--- Material to process ---
== Segment start ==

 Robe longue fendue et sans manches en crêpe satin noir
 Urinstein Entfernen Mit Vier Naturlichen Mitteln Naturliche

== Segment end ==
== Segment start ==

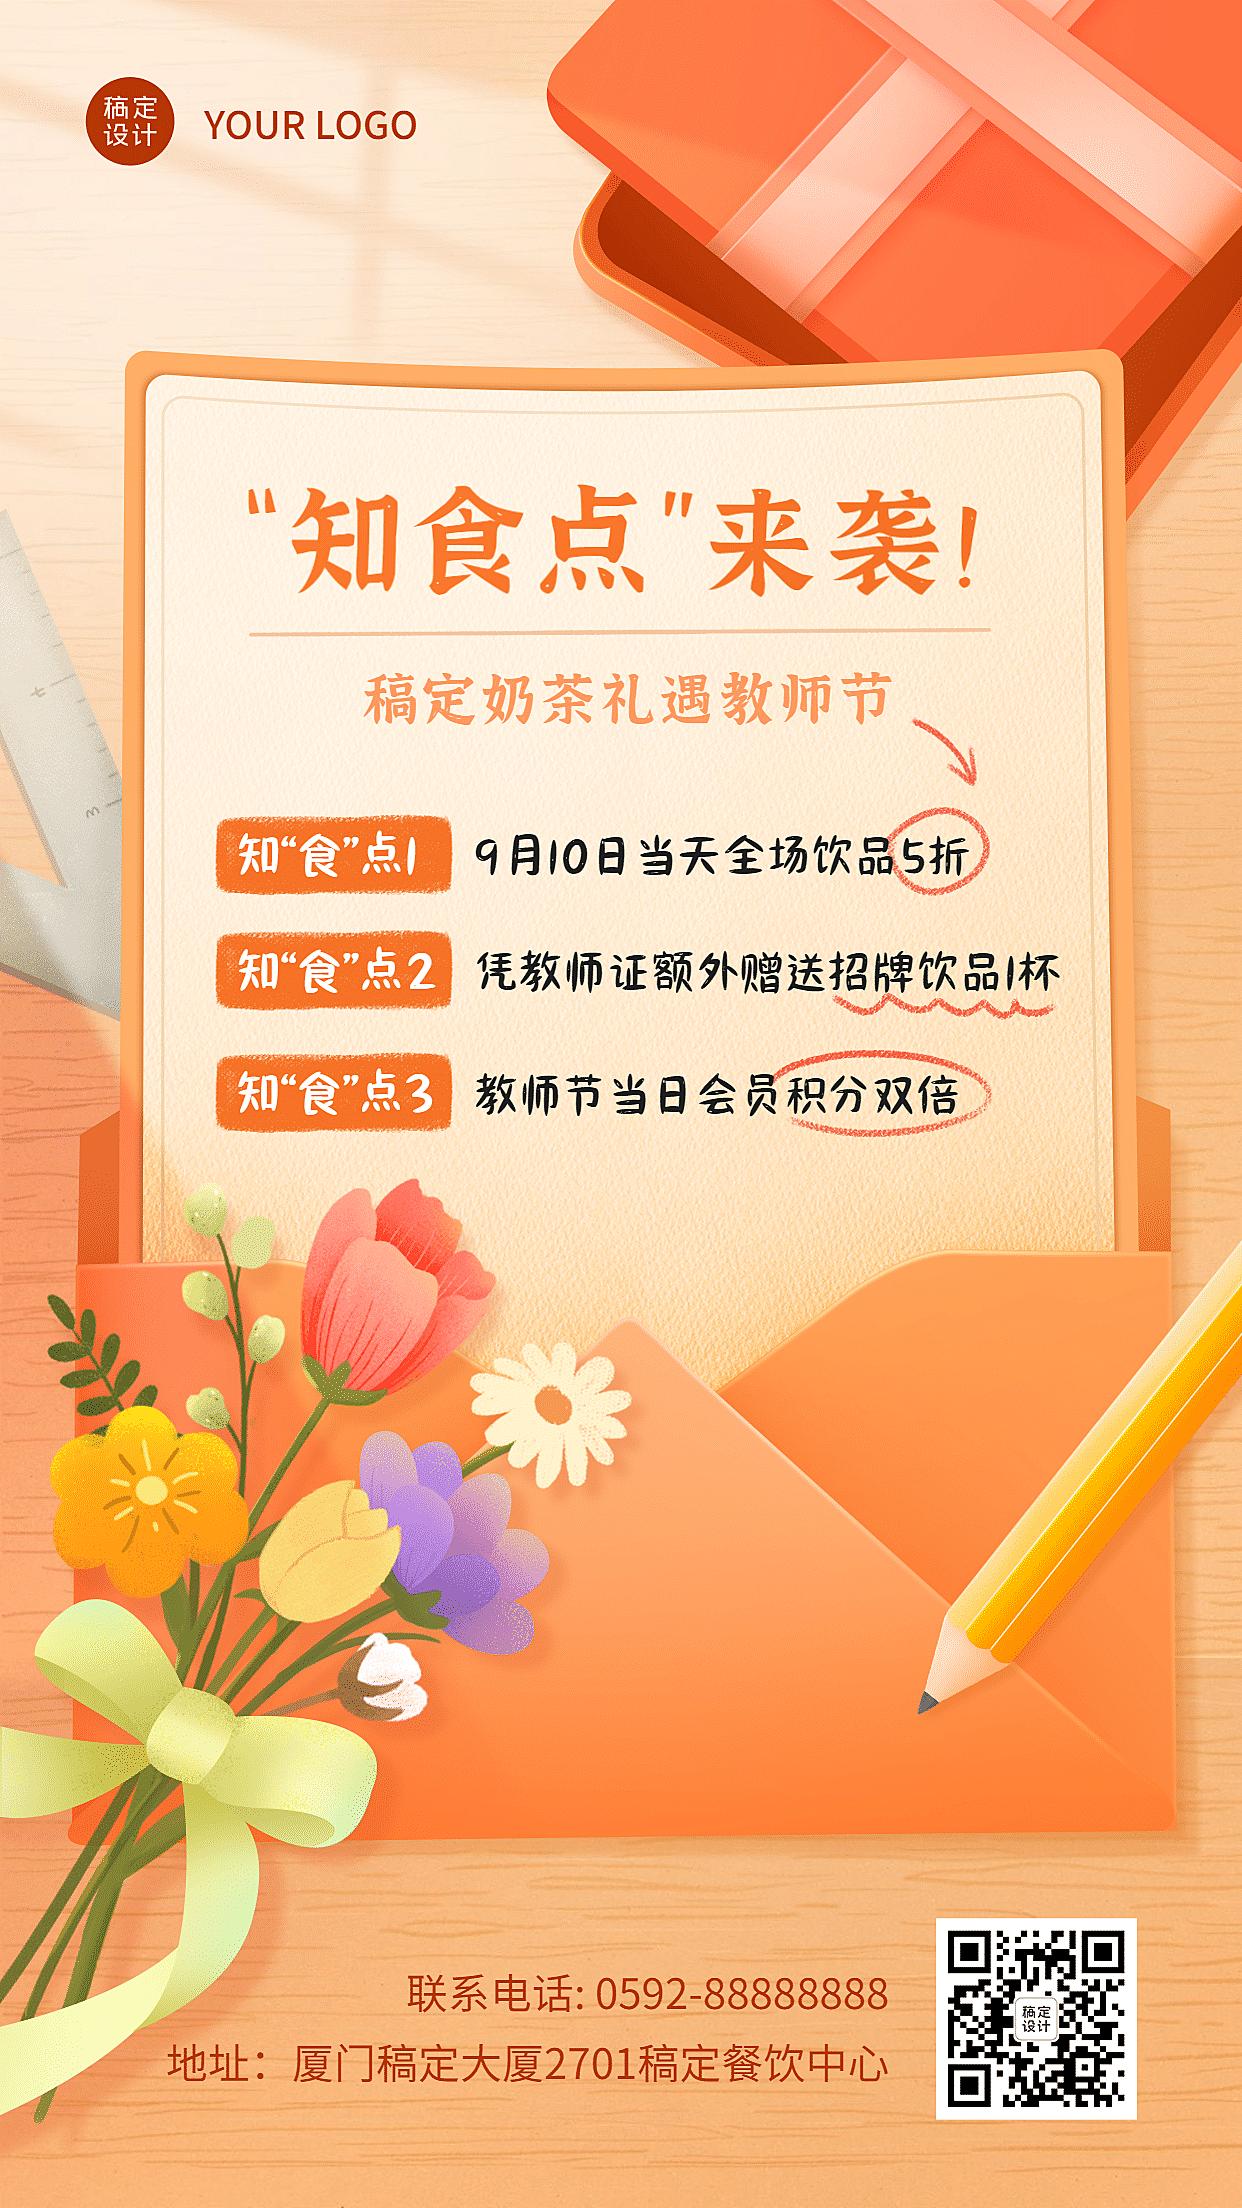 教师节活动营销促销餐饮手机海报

== Segment end ==
== Segment start ==

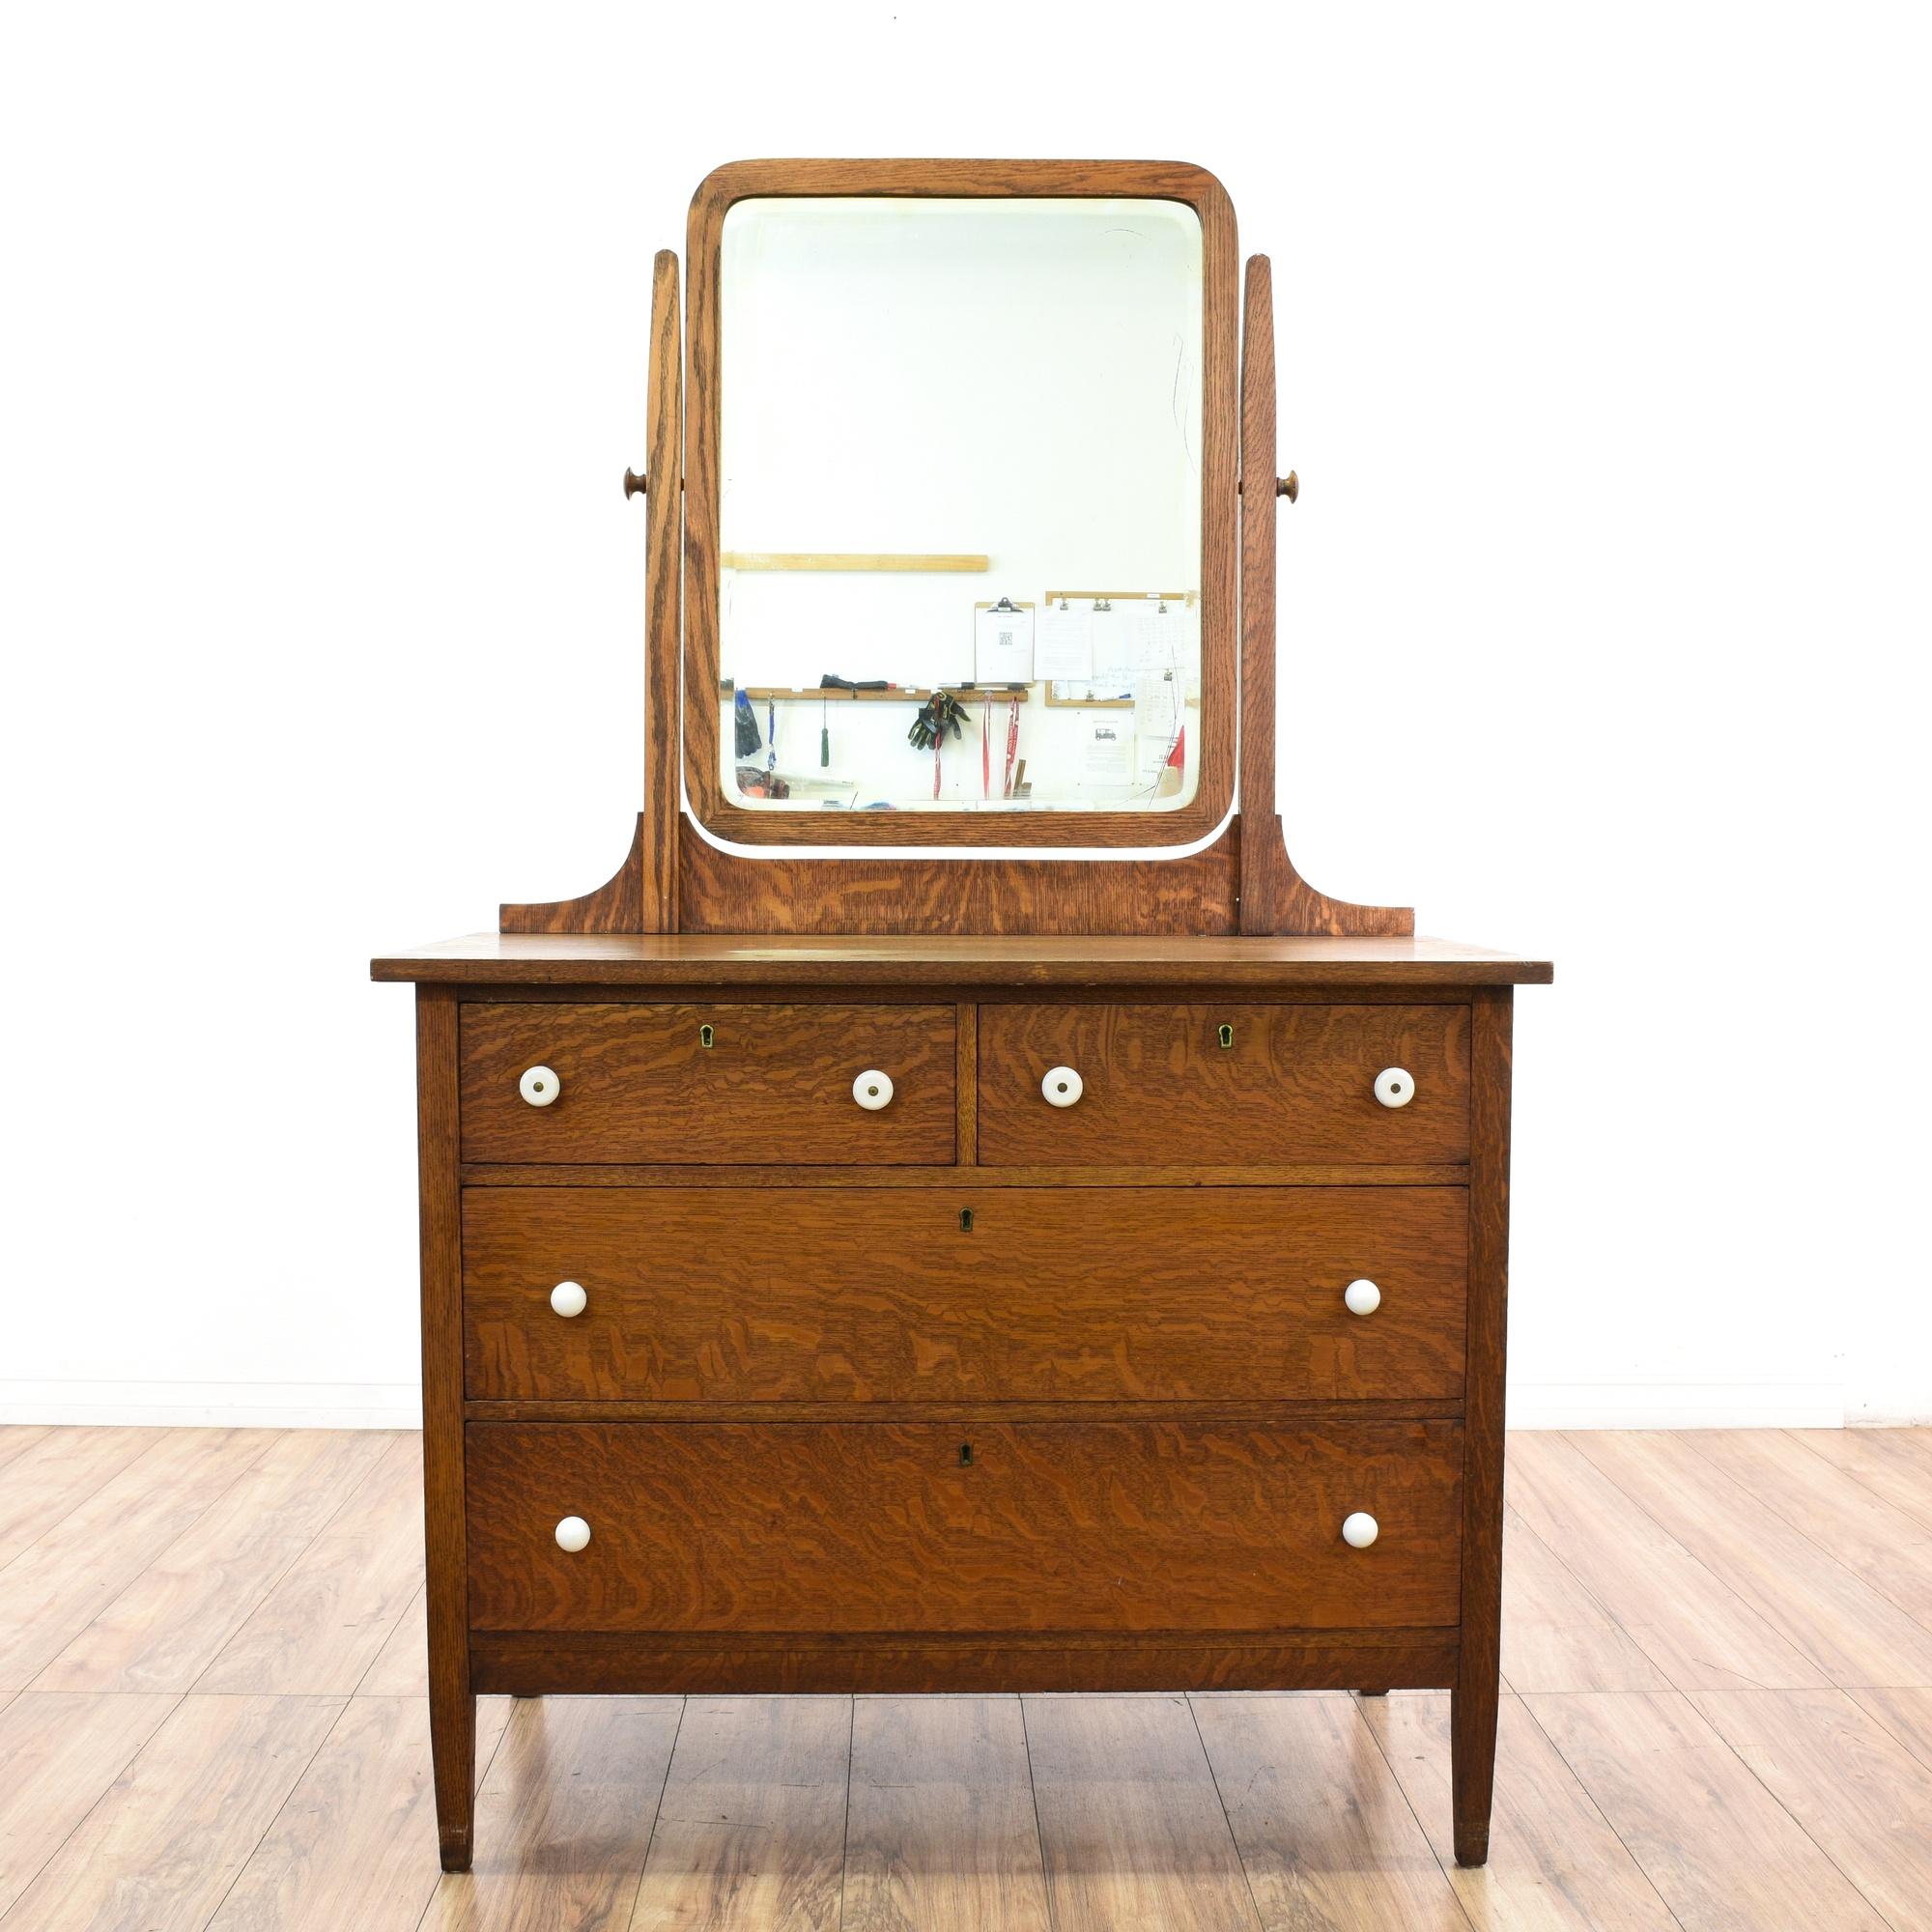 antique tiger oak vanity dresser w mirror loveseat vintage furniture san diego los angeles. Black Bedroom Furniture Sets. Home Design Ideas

== Segment end ==

Reproduce exactly the section above that begins at the line containing "Robe longue fendue" and ends at the line containing "Urinstein Entfernen Mit", leaving out all other lines.

--- Task response ---
 Robe longue fendue et sans manches en crêpe satin noir
 Urinstein Entfernen Mit Vier Naturlichen Mitteln Naturliche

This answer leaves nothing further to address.